James A. Farley Post Office Building Redevelopment Project
The project documentation for the redevelopment of the James A. Farley Post Office Building has recently been finalized. The Farley Building (the post office building opposite Penn Station) is being transformed by the Empire State Development Corporation into a mixed use facility consisting of a new train station and train hall (Moynihan Station) and commercial space (office, retail and hospitality). The redevelopment of the Farley Building is the first of two steps in implementing Governor Cuomo’s vision for the Penn-Farley Complex - the second step of which is the overhaul and renovation of the adjoining Penn Station.

A joint venture of the Related Companies and Vornado Realty will use Skanska USA for the design-build redevelopment of the Farley Building.
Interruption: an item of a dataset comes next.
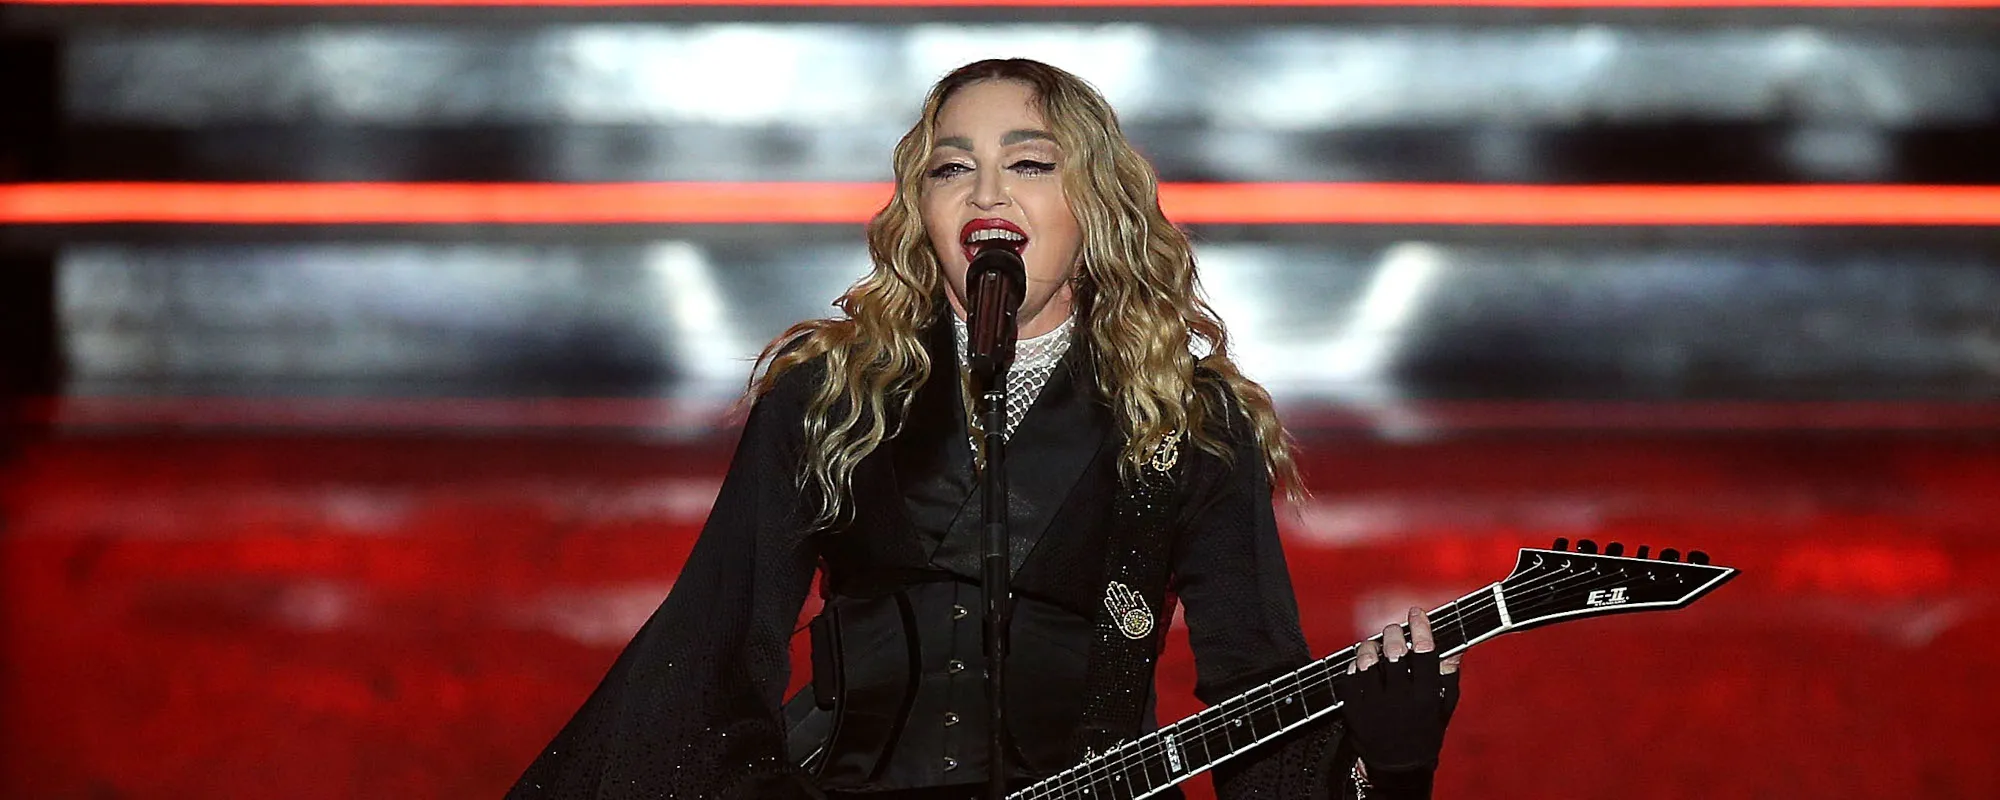 Madonna’s 6 Most Controversial Songs

The site will be become a world class transportation facility over the next several years. The existing façade of the Farley Building will be retained, while the internal area will feature, in addition to the commercial space, a 210,000 square foot train hall (roughly the same size as the Grand Central Station concourse). A key feature of the train hall will be a giant skylight roof. When completed, Moynihan Station in the Farley Building will be the new site for Amtrak’s and the Long Island Rail Road’s train services in and out of New York City.

Seyfarth Shaw represented Skanska, USA on the project.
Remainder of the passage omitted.